I should say right off the bat that parts of Rushkoff's critique of modern Judaism very much rub me the wrong way: he doesn't appear to be a Zionist; I am. He seems to all but completely reject religiosity and literal belief in God; I do not. And his belief that all Judaism should be centered around "social justice" is something I've long opposed, as too often (especially in the Reform movement) "social justice" becomes nothing but a synomym for a left-wing politics that has little to nothing to do with Judaism itself.
So why does the rest of Rushkoff's thesis resonate with me so deeply? For one thing, I admire that he's willing to question long-established tenets of the faith: institutional Judaism, as I've experienced it, has often been all-lockstep, all the time. But more importantly, it's because Rushkoff, in decrying "organized Judaism’s self-defeating obsession with race and numbers," shares my disdain for the habit of Jewish institutions (like the Federations, individual synagogues, and even the ADL) to adopt a Chicken Little philosophy, and accompanying scare tactics that Judaism will DIE if Jews don't acquiesce to a list of demands: reject intermarriage, abandon assimilation, and (of course) donate lots and lots of money.
Rushkoff gets that these tactics not only make the millennia-strong tradition of Judaism look falsely like it's dying on the vine, but they also perpetuate every negative stereotype there is about Jewish people: pushy, money-grubbing, guilt-purveying, elitist, etc. The nadir of this was the Marc Rich pardon in 2001, a truly shameful episode in American Jewish history, when the leaders of virtually every major Jewish organization in America, including Abe Foxman of the ADL, pushed (successfully) for the presidential pardoning of a thief, swindler, and fugitive- really, an example of the absolute worst Judaism has to offer.
Rabbis and purveyors of "checkbook Judaism" have been pulling the "Judaism is dying" card ever since my dad was a kid in the '50s, always (always) with a healthy dose of Holocaust guilt thrown in for good measure. And they're still playing it today despite the facts, which are that Jewish people in America in the 21st century have more power, more influence, and face less adversity than in any society (other than Israel) at any time in human history. We're not in the desert anymore.
No, there's no secret Zionist conspiracy or "cabal," but many individual Jews -and more importantly, Jewish culture- has managed to rise high in American life. How else could "Seinfeld" have been the most popular television show of all time? Rather than continuing the counter-productive pity-party, I'd like to see Jewish "leaders" actually look as these advances as something to be proud of, as they are.

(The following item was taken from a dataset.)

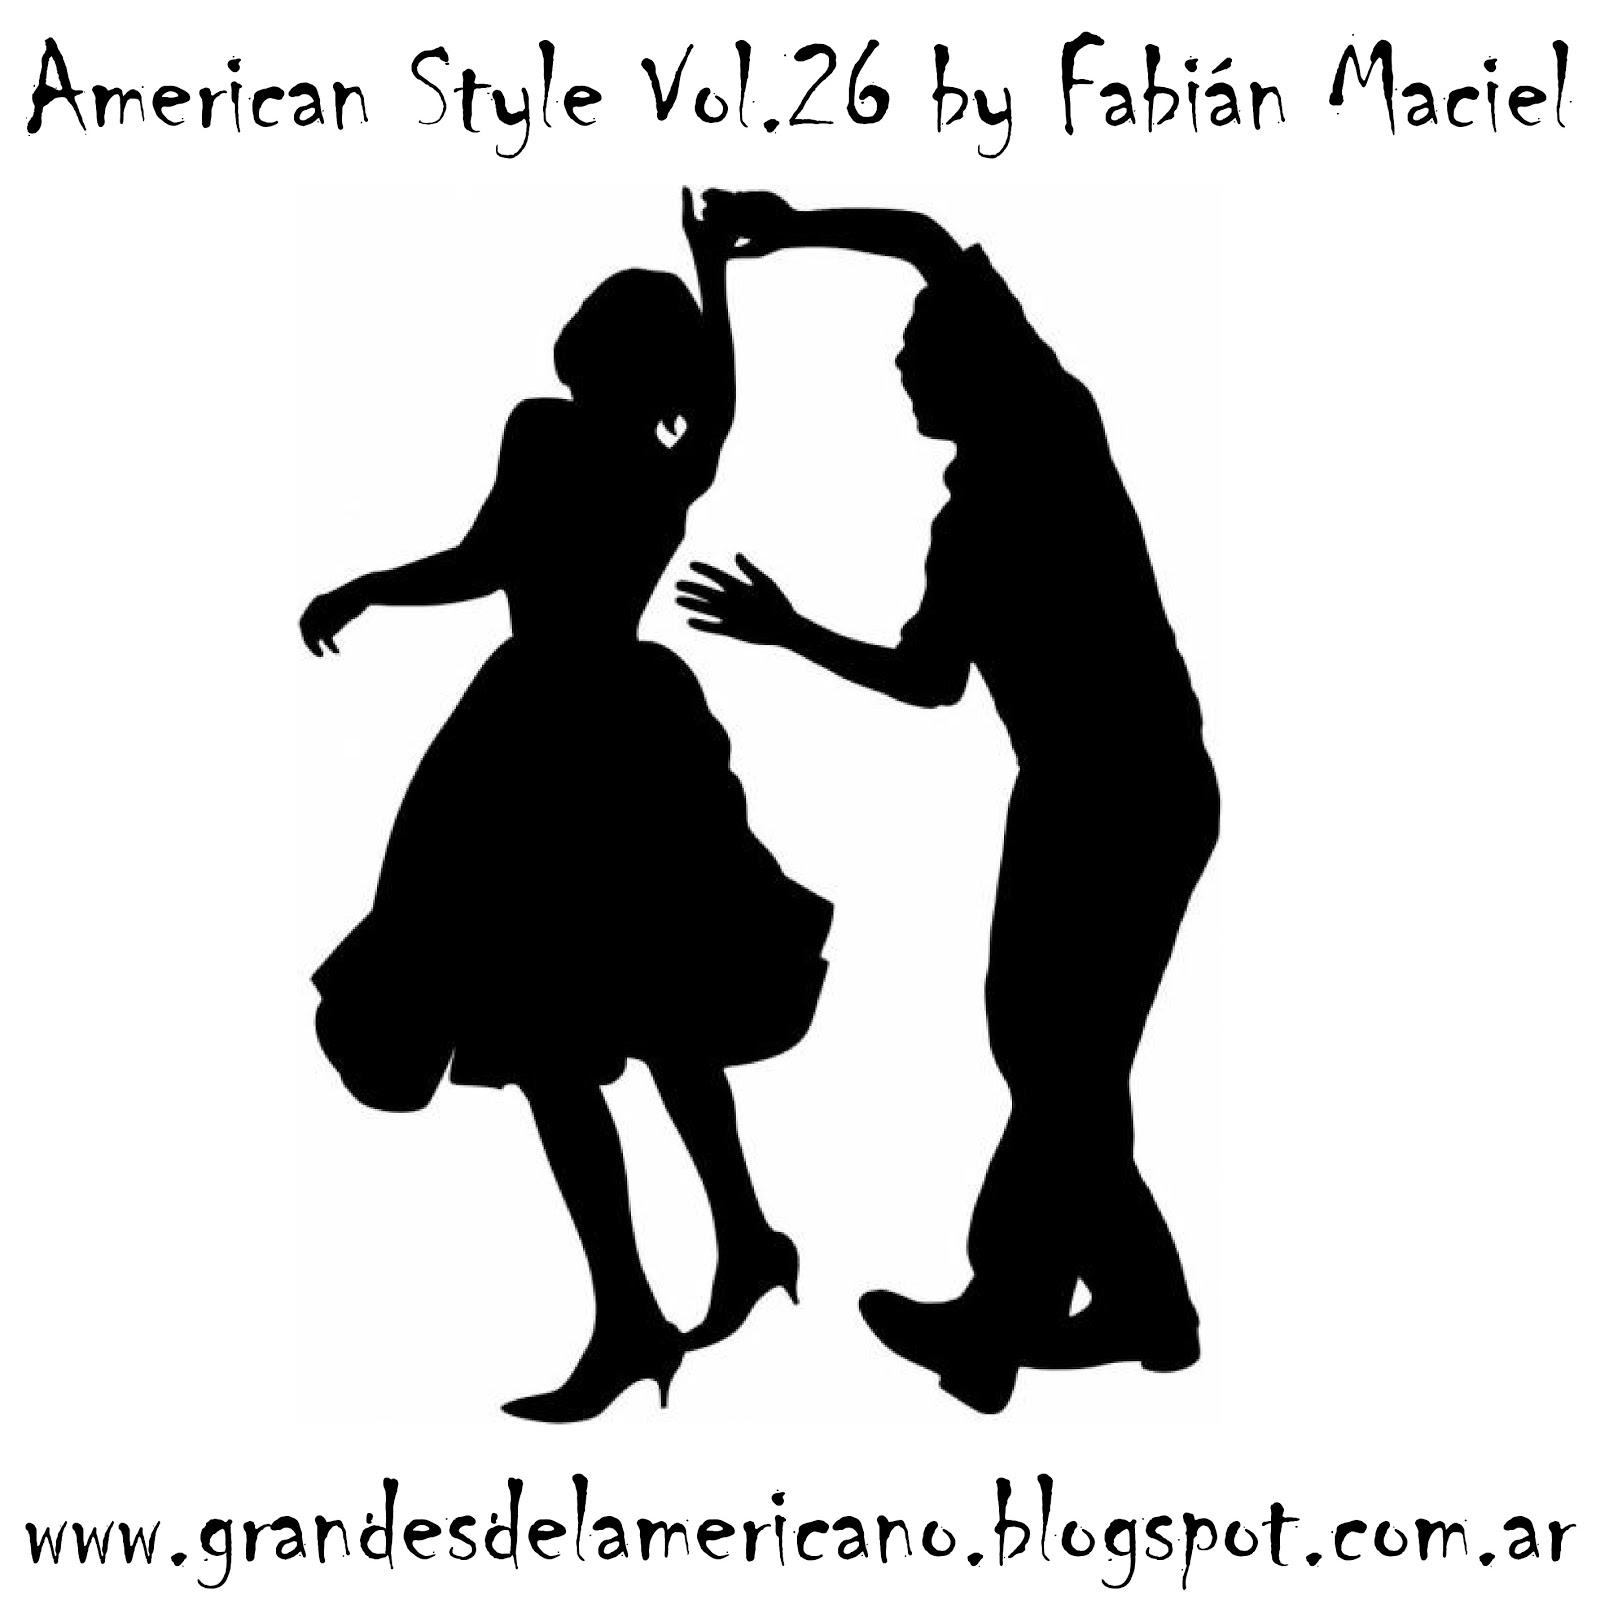 http://2.bp.blogspot.com/-5__VzcLgUF4/UIAOJbkRAcI/AAAAAAAADUc/IlK746bii-o/s1600/AST0026byFM.jpg

I really believe, as Rushkoff writes, that many of those who abandon Judaism do so because of this sort of stuff, not despite it. But in any pluralistic society, some people will choose not to buy into religion- and I wouldn't want to live in a society in which everyone did. And besides, is the percentage of Jews that choose to reject Judaism anywhere close to that of Catholics who reject Catholicism? I don't think I've ever heard anyone over 30 call himself a "recovering Jew."
These are all important issues that are long overdue for re-examination, and I look forward to reading Rushkoff's book and looking at them further.